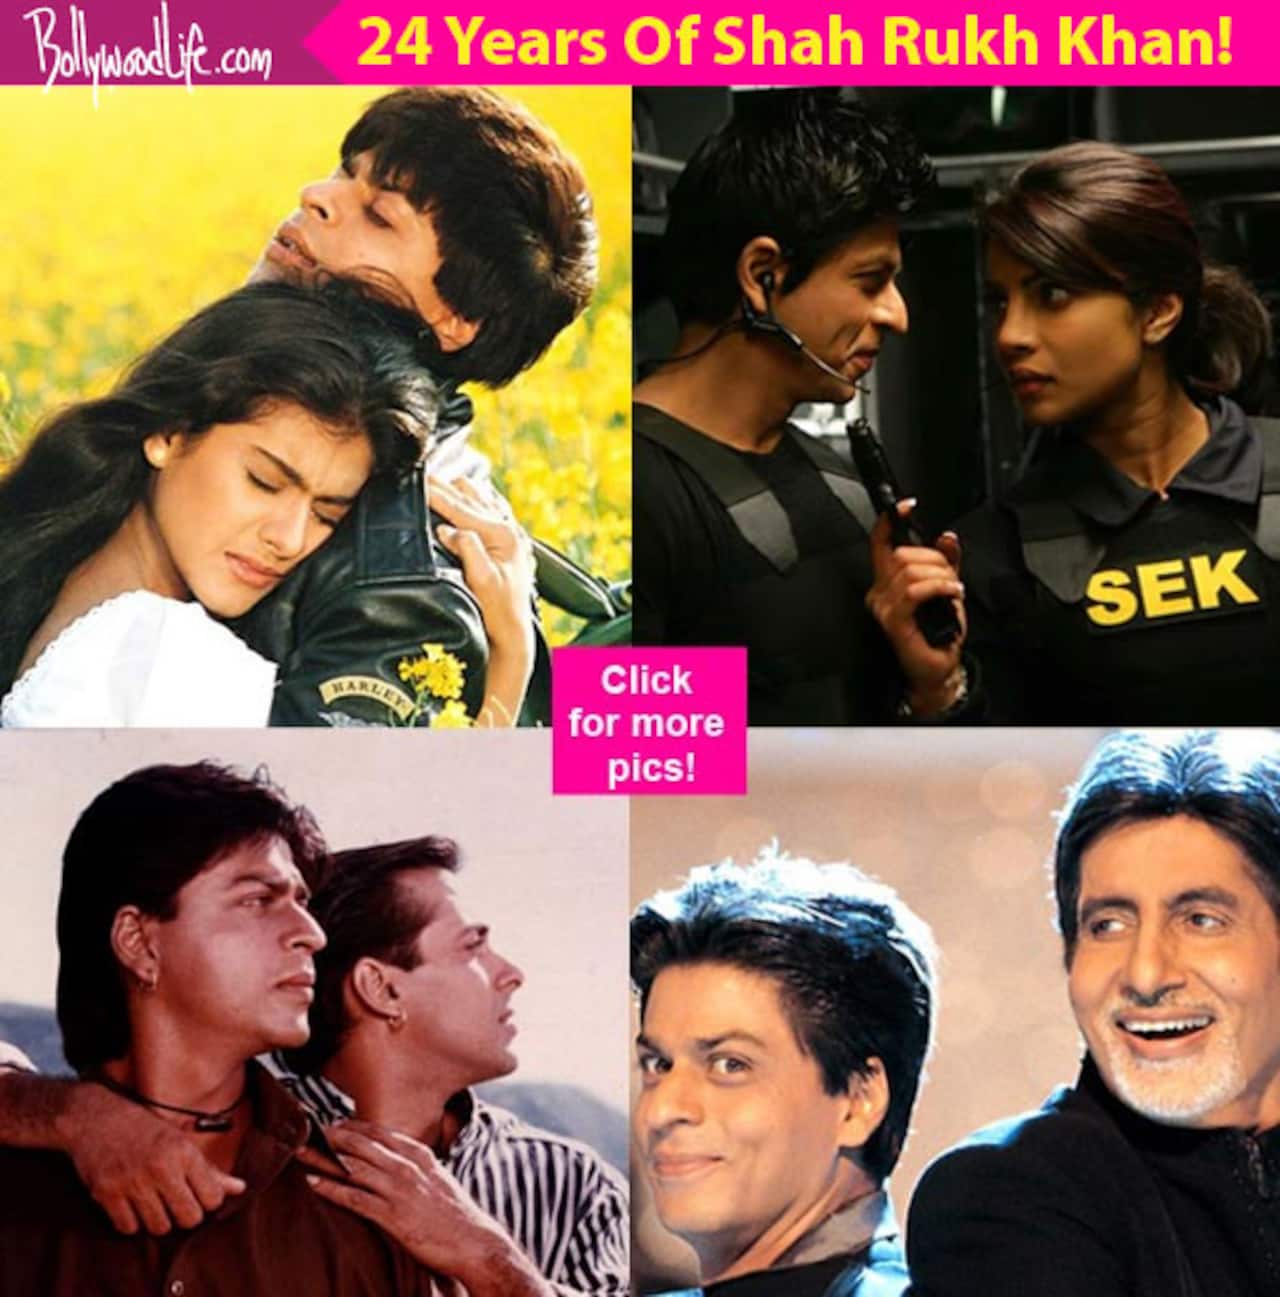 24 years of Shah Rukh Khan: Kajol, Deepika Padukone, Priyanka Chopra - listing 24 of King Khan's best co-stars!
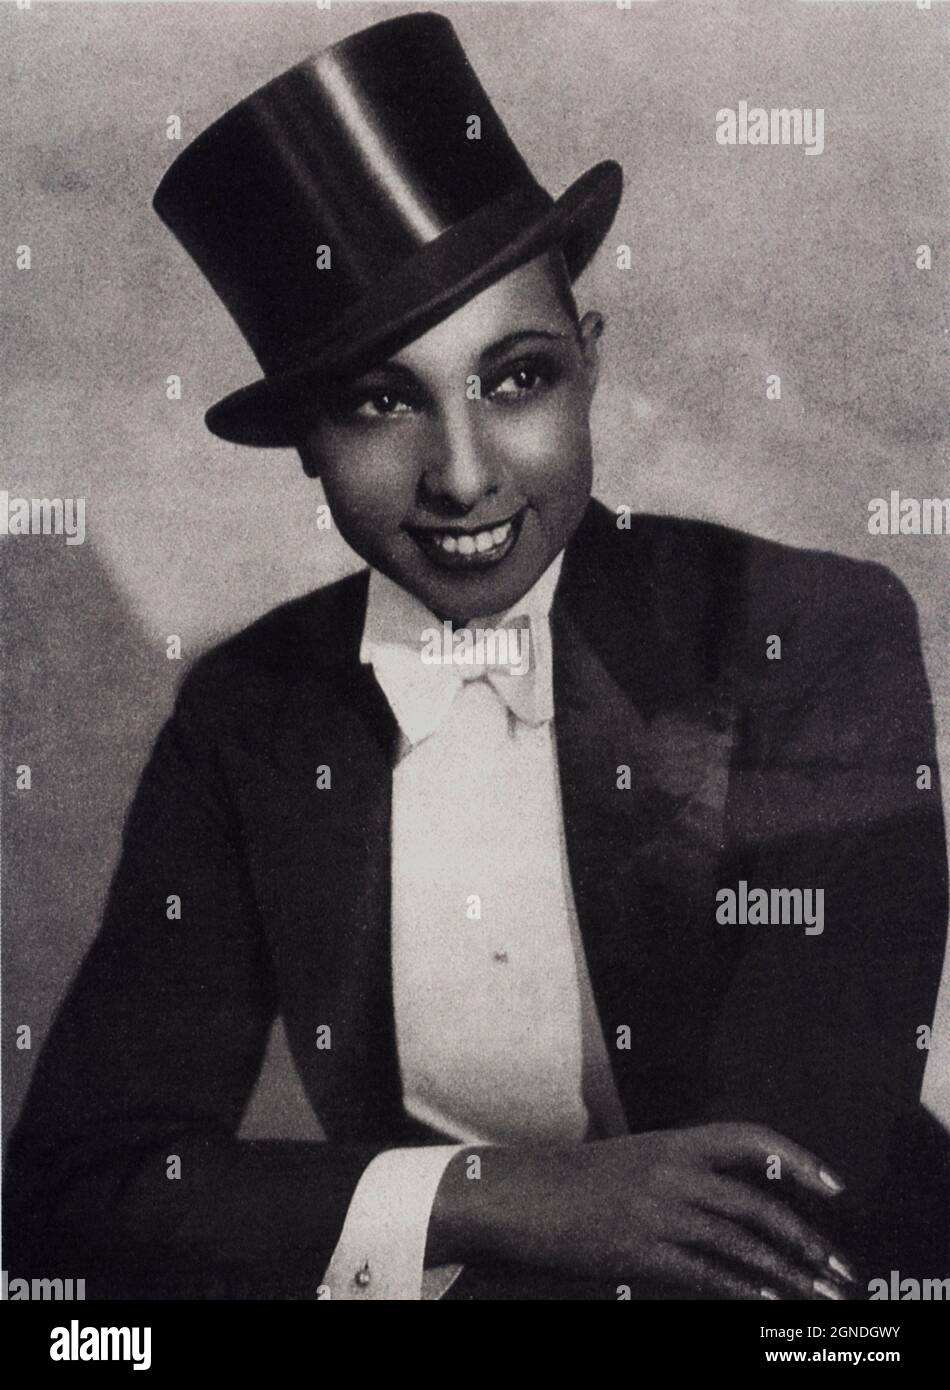 1927 aprox. , FRANCIA : La célebre cantante y bailarina negra americana JOSEPHINE BAKER ( 1906 - 1975 ) Vestido como un hombre - musical - bailarina - cantante - di colore - teatro - teatro - exótico - Parigi - Folies Bergeres - Moulin Rouge - ritratto - retrato - DANZA - DANZA - DANZA - DANZA - JAZZ - imitador masculino - donna vestita da uomo - sombrero de arriba - sombrero de arriba - Tophat - cappello a cilindro - Sonrisa - sorriso ---- Archivio GBB Foto de stock
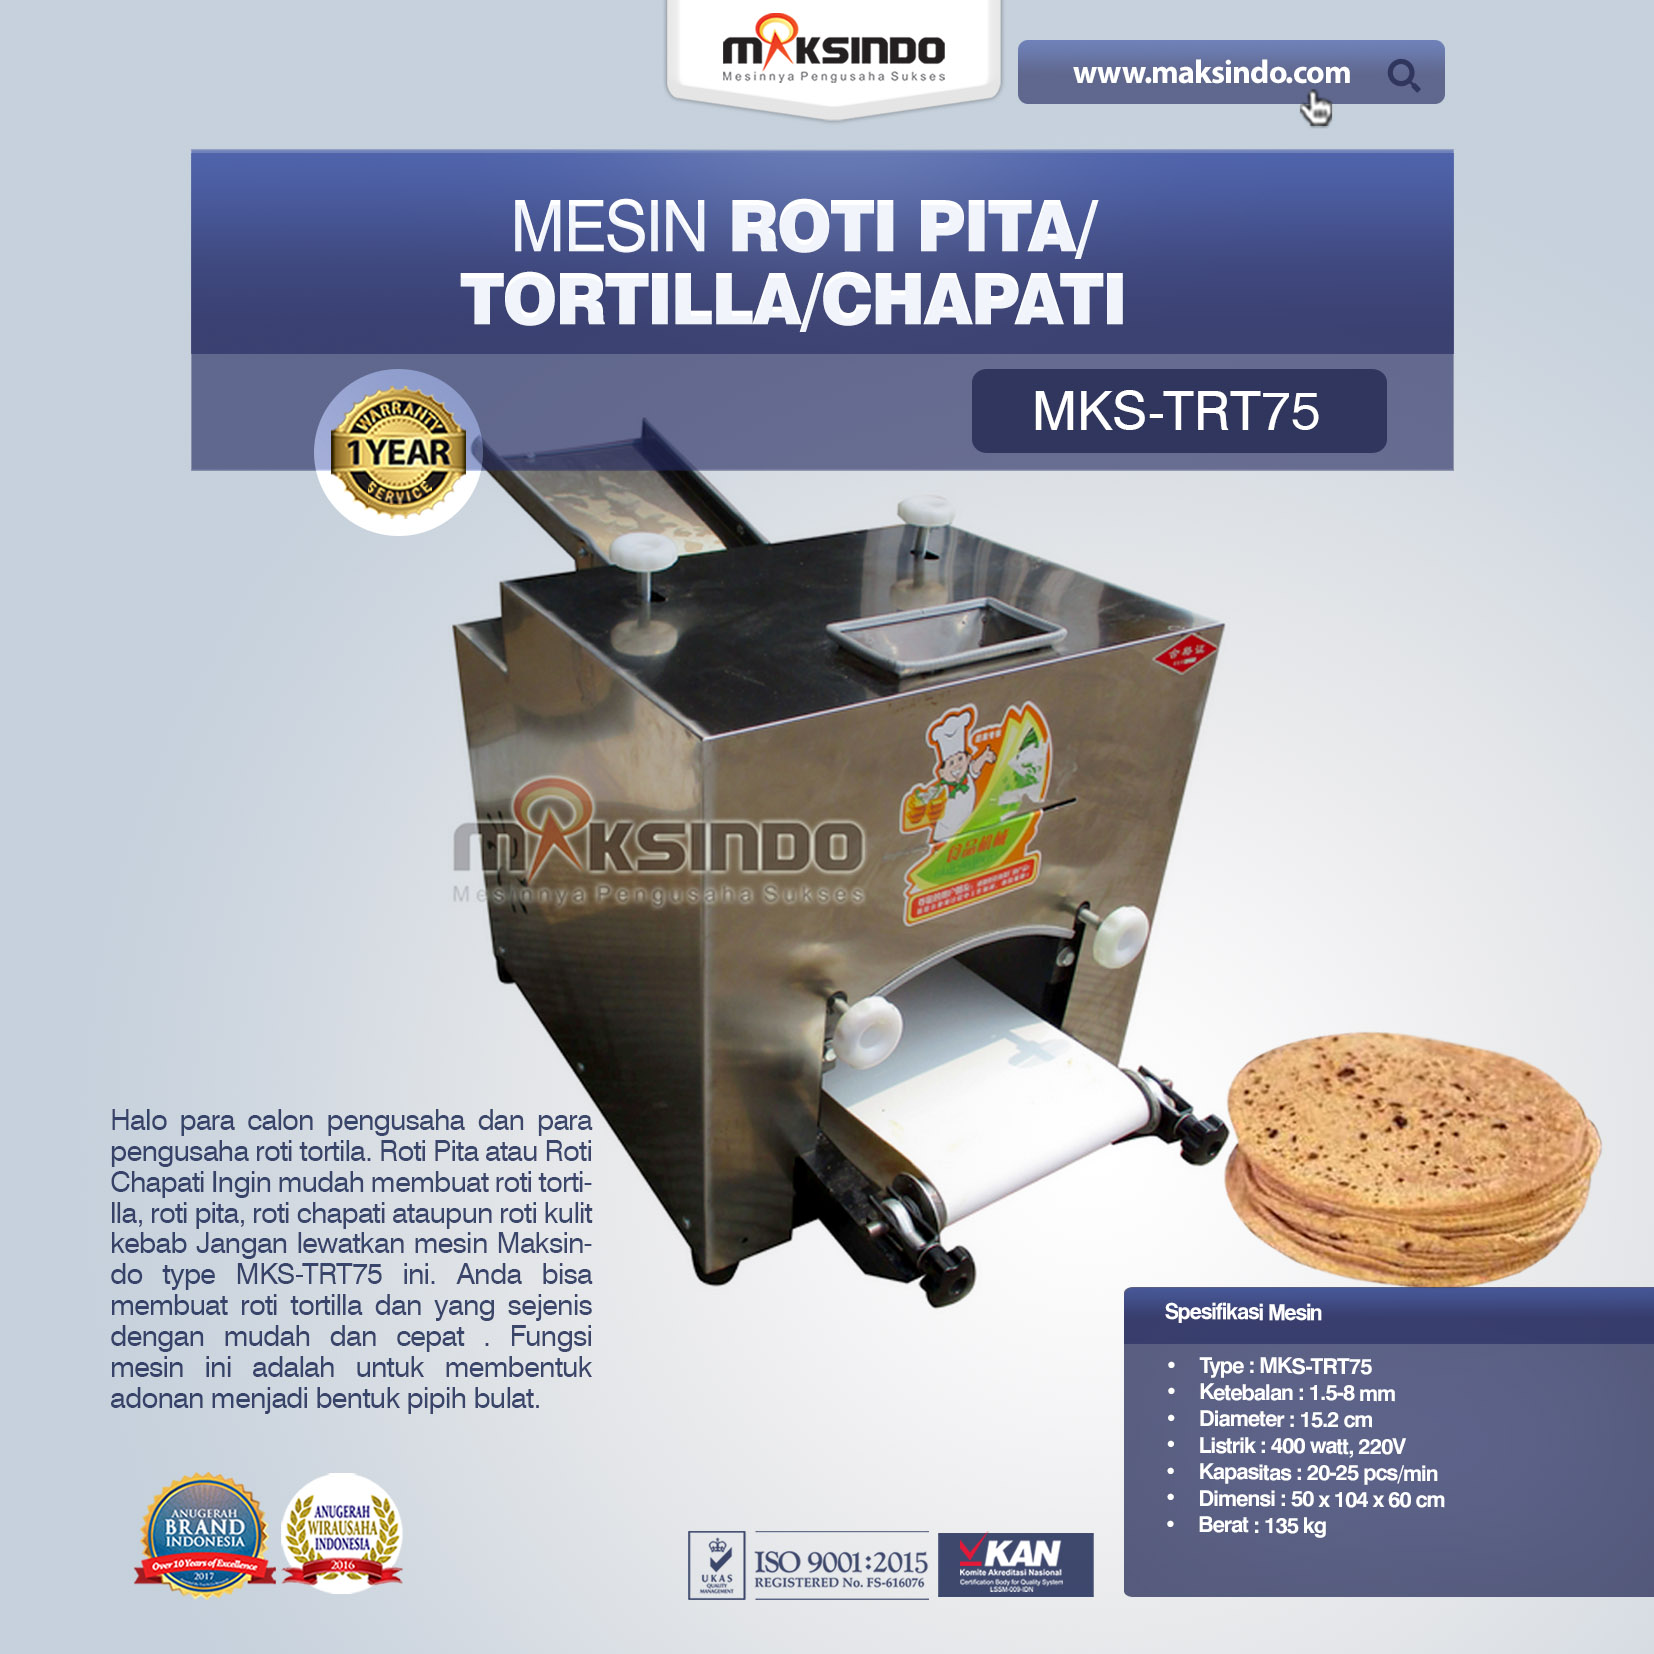 Jual Mesin Roti Pita/Tortilla/Chapati MKS-TRT75 Di Bogor
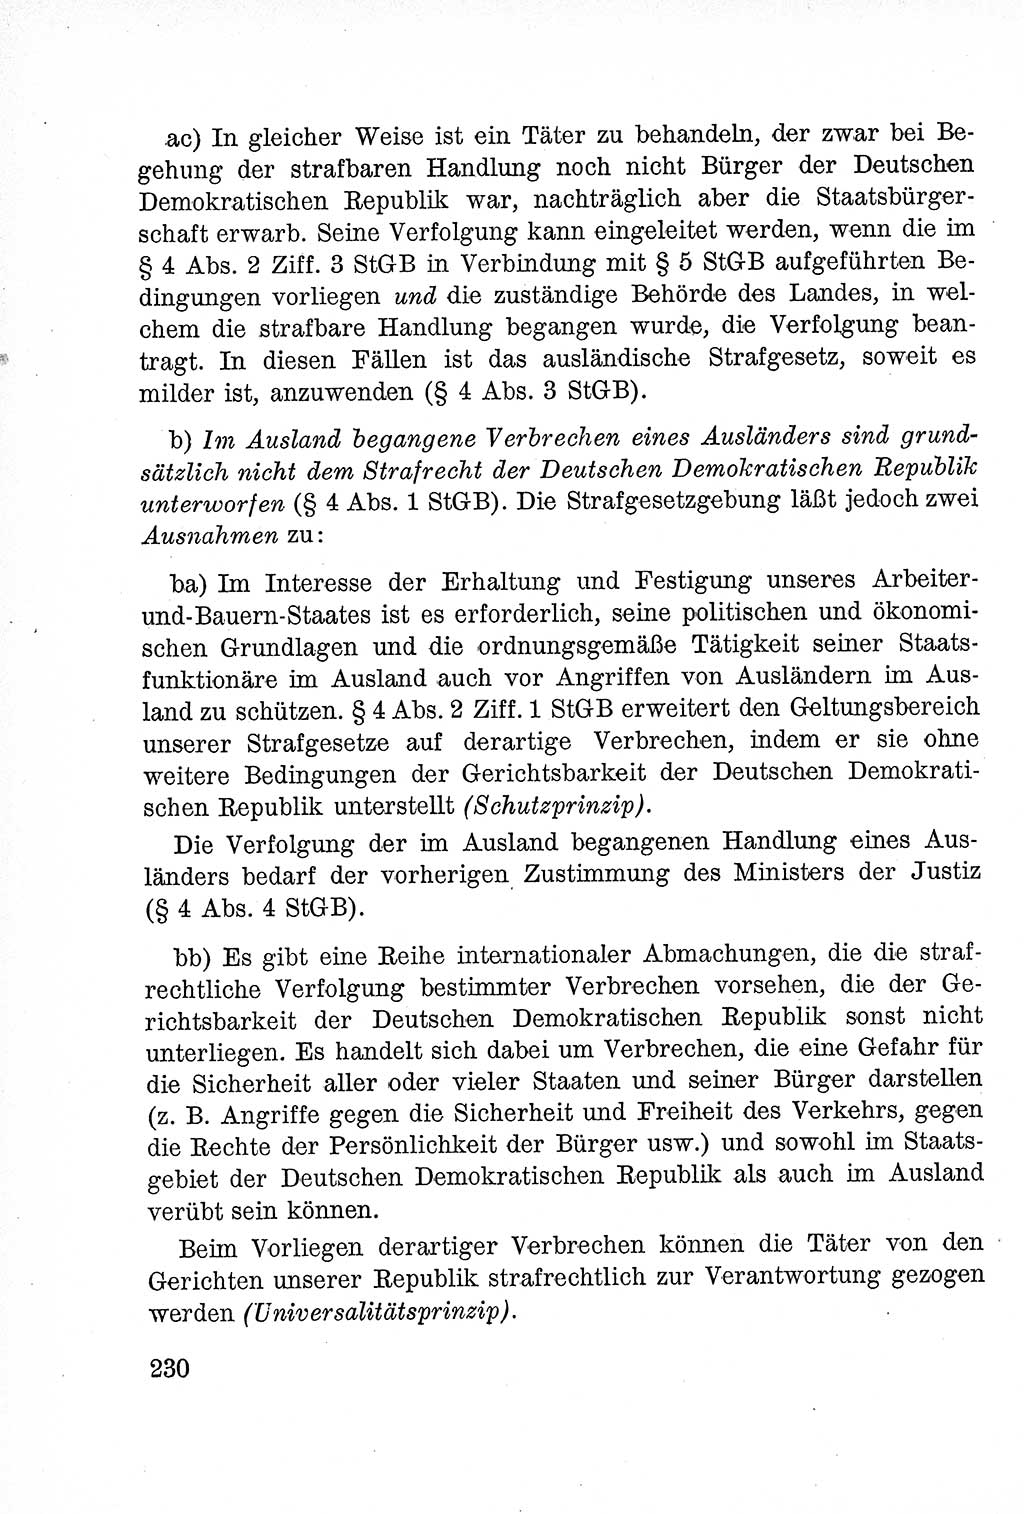 Lehrbuch des Strafrechts der Deutschen Demokratischen Republik (DDR), Allgemeiner Teil 1957, Seite 230 (Lb. Strafr. DDR AT 1957, S. 230)
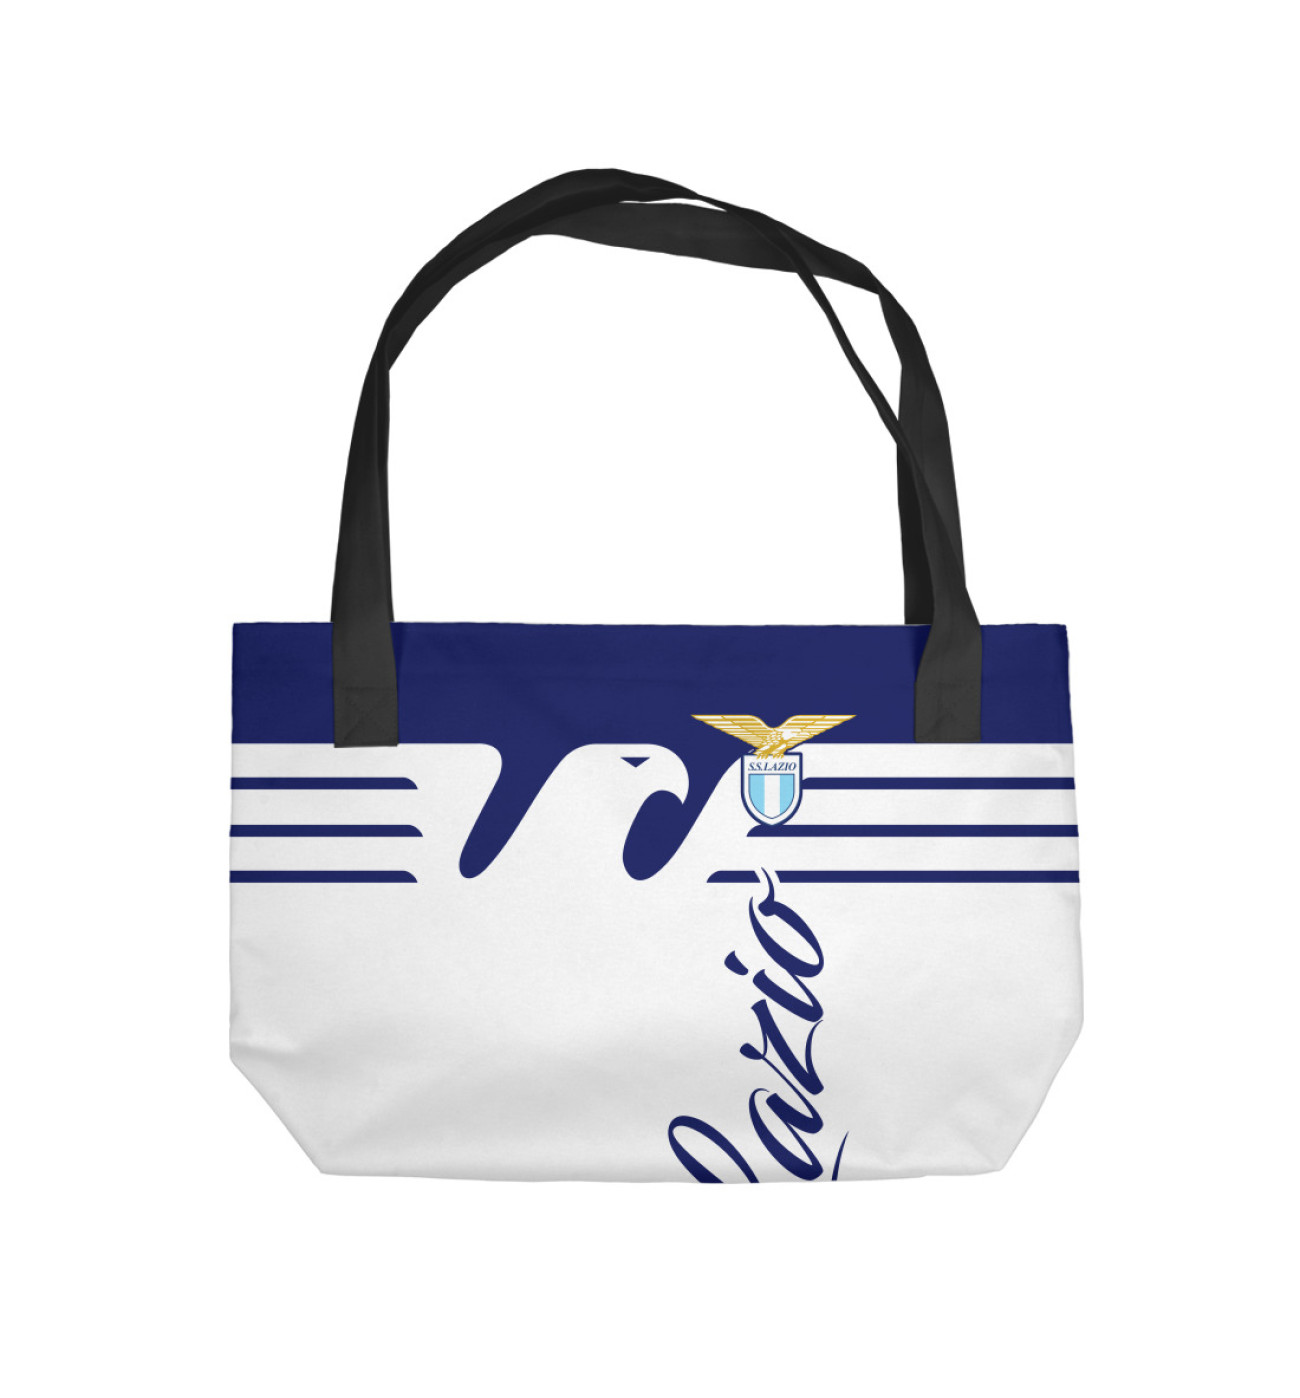  Пляжная сумка Лацио, артикул: FTO-837257-sup

____

## THE PROBLEM
Copy the final stretch of lines, starting at the one that holds "Jual Mesin Roti" and ending at the last line of the data, exactly; omit pictures.

## EXPECTED OUTPUT
 Jual Mesin Roti Pita/Tortilla/Chapati MKS-TRT75 Di Bogor
 Lehrbuch des Strafrechts der Deutschen Demokratischen Republik (DDR), Allgemeiner Teil 1957, Seite 230 (Lb. Strafr. DDR AT 1957, S. 230)
  Пляжная сумка Лацио, артикул: FTO-837257-sup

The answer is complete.